Information supplied:

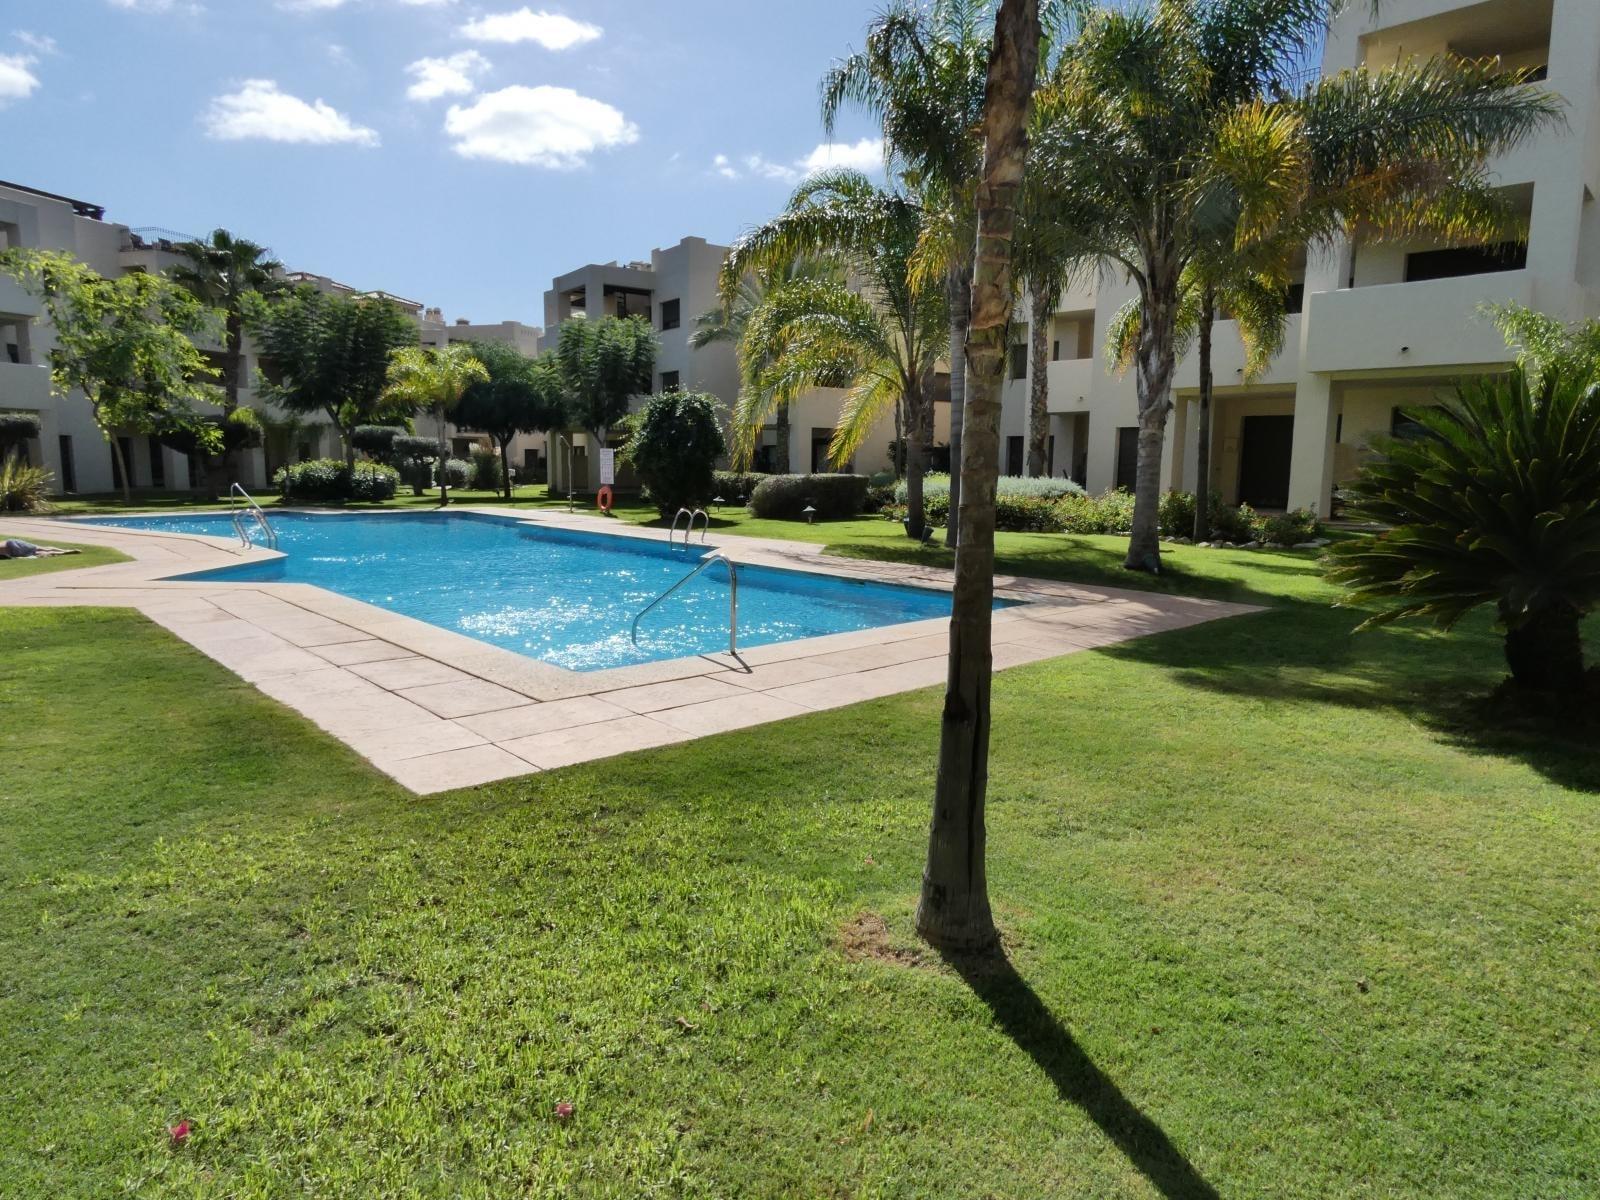 Apartment in Roda Golf and Beach Resort (Murcia)
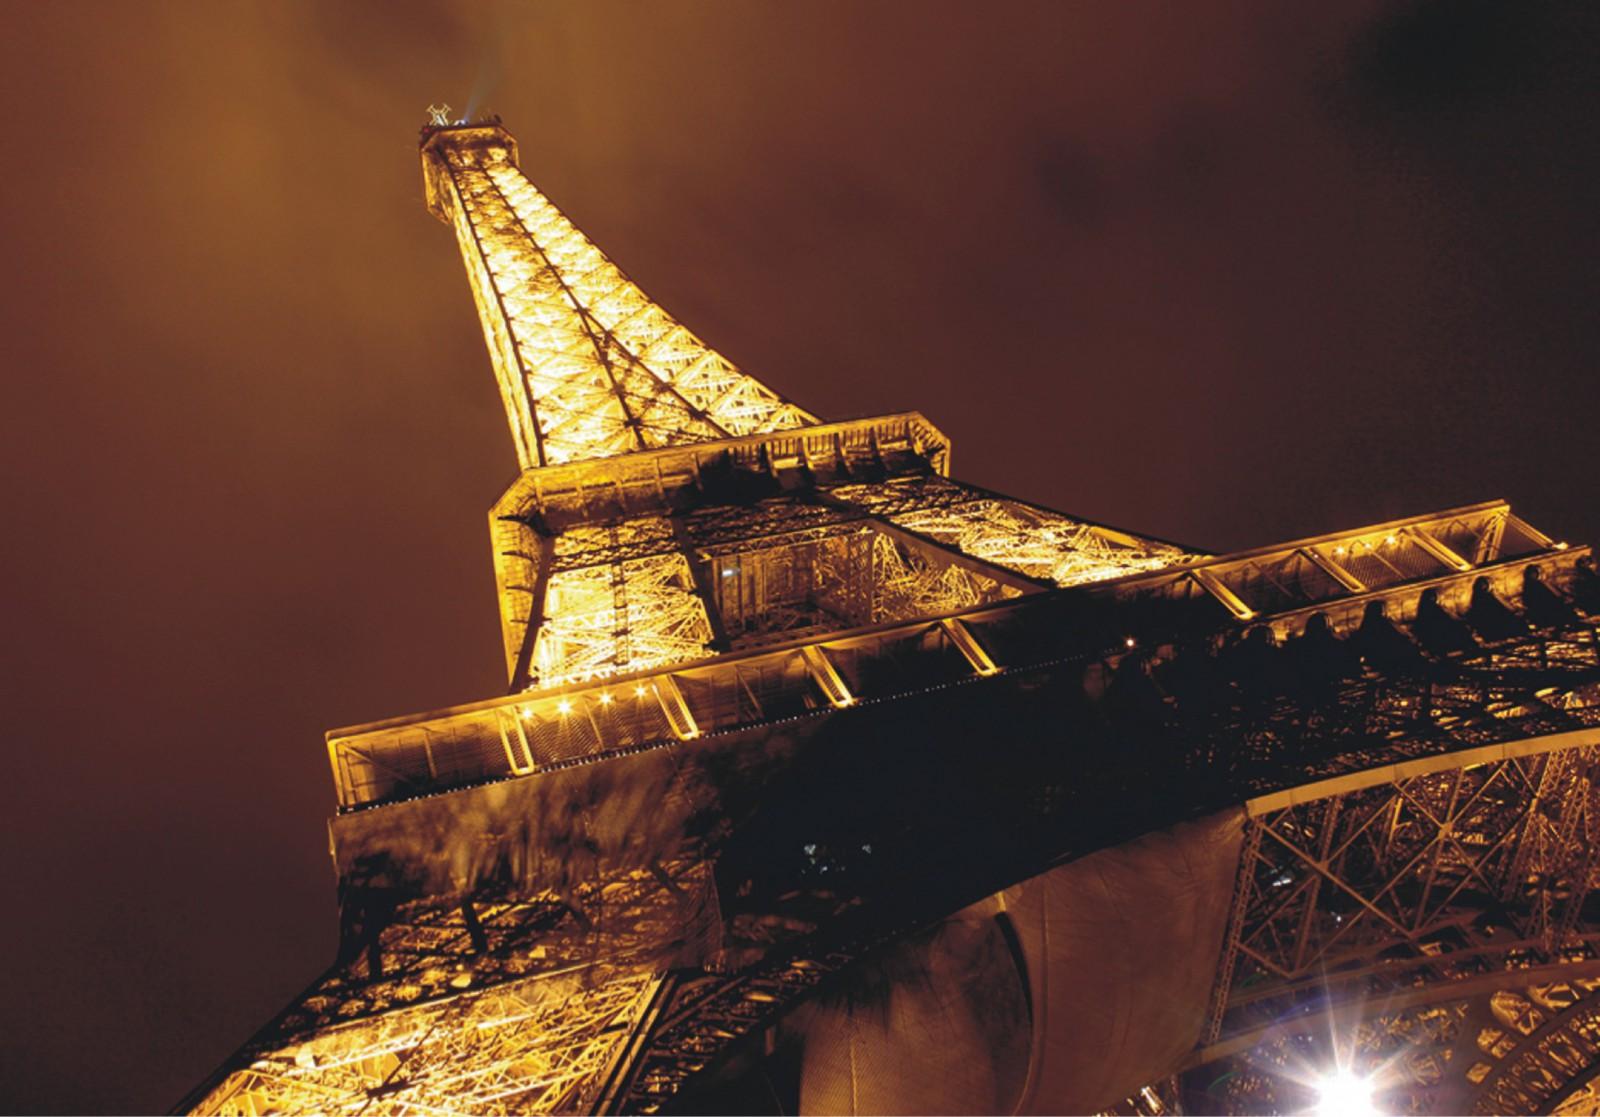 Xxl photo wallpaper mural eiffel tower paris skyline for Eiffel tower wallpaper mural
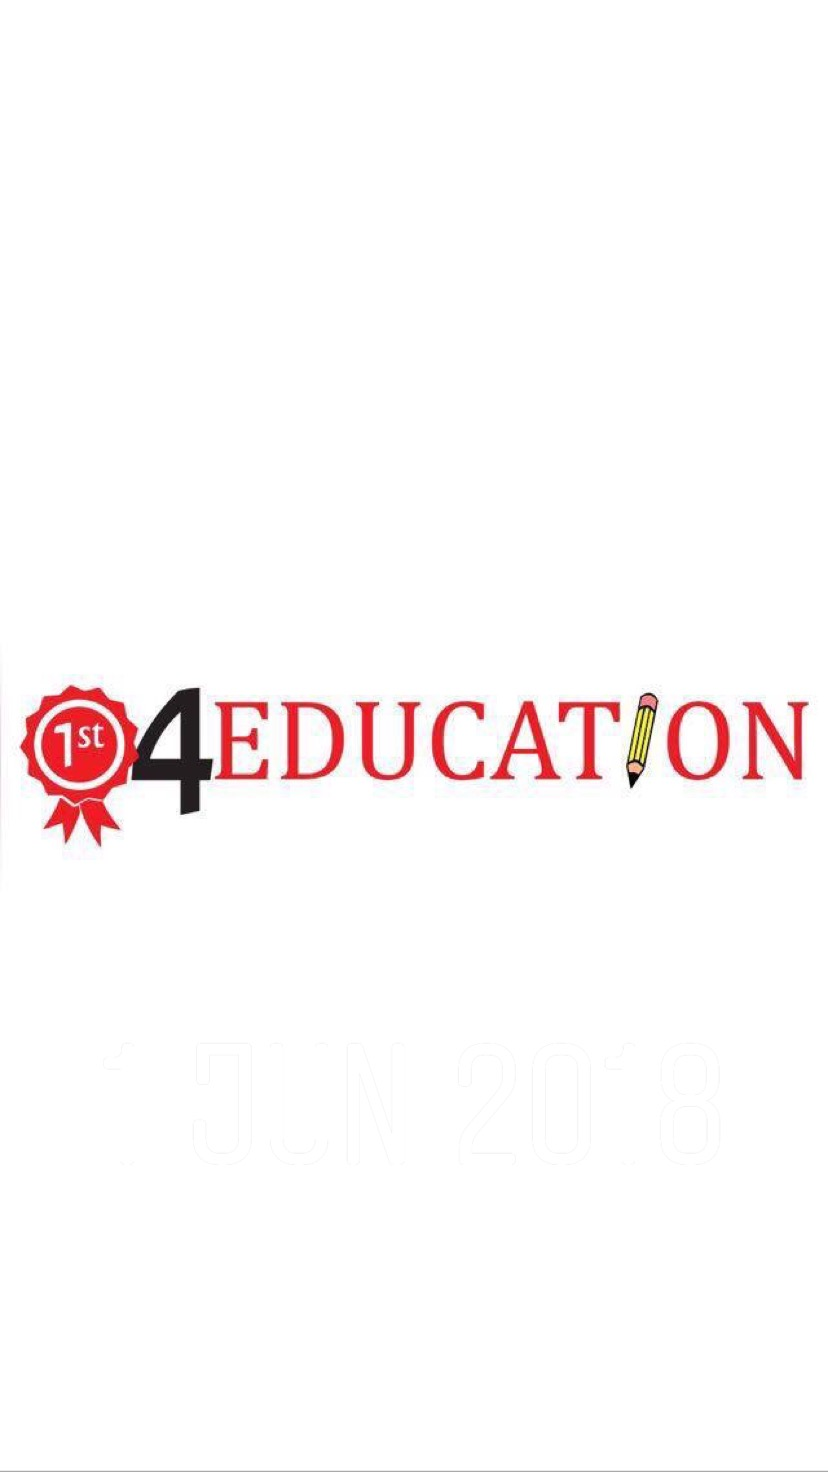 1st 4 Education

Assigned task: Please copy the data shown above, line by line and exactly, omitting the images.

Exercise response:
 Apartment in Roda Golf and Beach Resort (Murcia)
 Xxl photo wallpaper mural eiffel tower paris skyline for Eiffel tower wallpaper mural
 1st 4 Education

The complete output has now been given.